# Miami Vaulted Ceiling Insulation (need to seal?)



## Windows on Wash (Aug 30, 2011)

Post up some pictures and post back a cliff notes version. You will get more feedback.

I read the whole thing but you are not going to like my answer.

Doing is right is rarely the cheapest route from the outset but will cost you less in the long run.

I would use a combination of rigid foam, spray foam, and batt insulation.


----------



## ShenAmateur (Jun 29, 2014)

Thanks for the response, and sorry for the delay.

Here are some pictures:

First one is a view of the overall scope of how the roof looks.
Second is a closer view of the same, can see the open area between concrete and joists/sheathing.
Third is of one of the joists that runs along the wall, again can see the gap.

I assumed I was going to have to seal it, and was thinking/assuming I'd be going the same route you mentioned.

From what I've seen, it seems like the best way to do this (to immitate entirely spray foam insulating/sealing) is attach foam board that is cut to fit basically snugly in between the joists on its own, tape sealing the seams between each foam board and the next, then sealing the gaps between the foam boards and the joists on either side (as well as gaps between wall and ceiling, etc) with spray foam, is this correct? 
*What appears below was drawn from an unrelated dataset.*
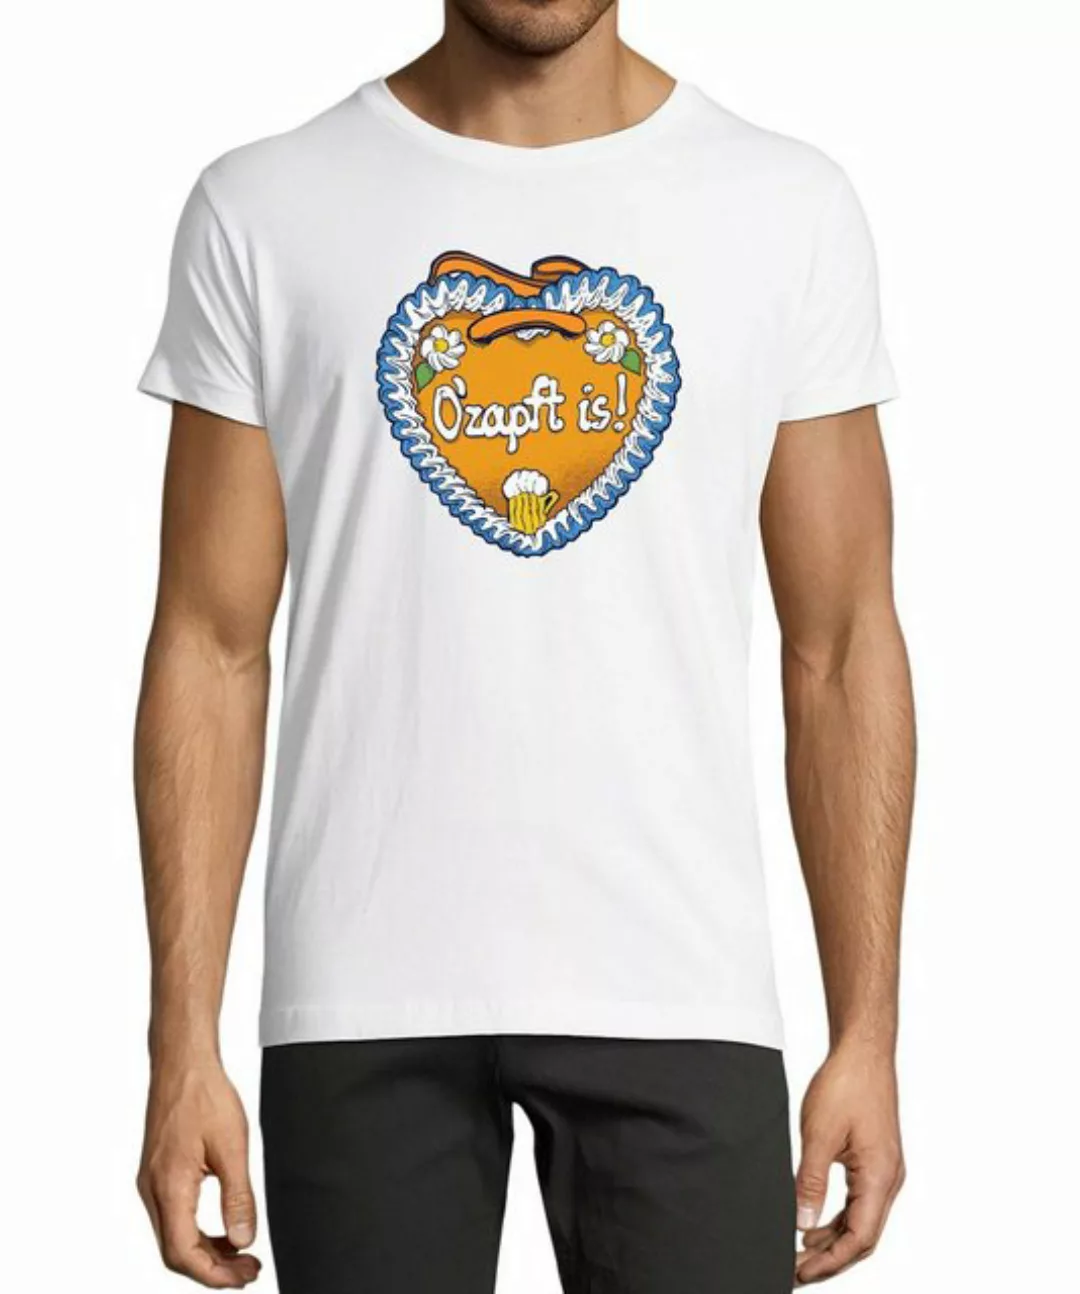 MyDesign24 T-Shirt Herren Fun Print Shirt - Trinkshirt O'Zapft is Baumwolls günstig online kaufen

And then the batt insulation would be attached at the ends of the joists like normal with the drywall then on top?

Also, would I need to secure the foam board first with plastic cap nails or adhesive of some kind?

What other way would be to do it?

Thanks for your time and help.


----------



## ShenAmateur (Jun 29, 2014)

Here's a drawing of what I'm talking about.


----------



## Windows on Wash (Aug 30, 2011)

That should work.

Be sure to used foil faced iso (facing up toward the roof) when you make your vent.

http://www.finehomebuilding.com/how-to/articles/a-crash-course-in-roof-venting.aspx


----------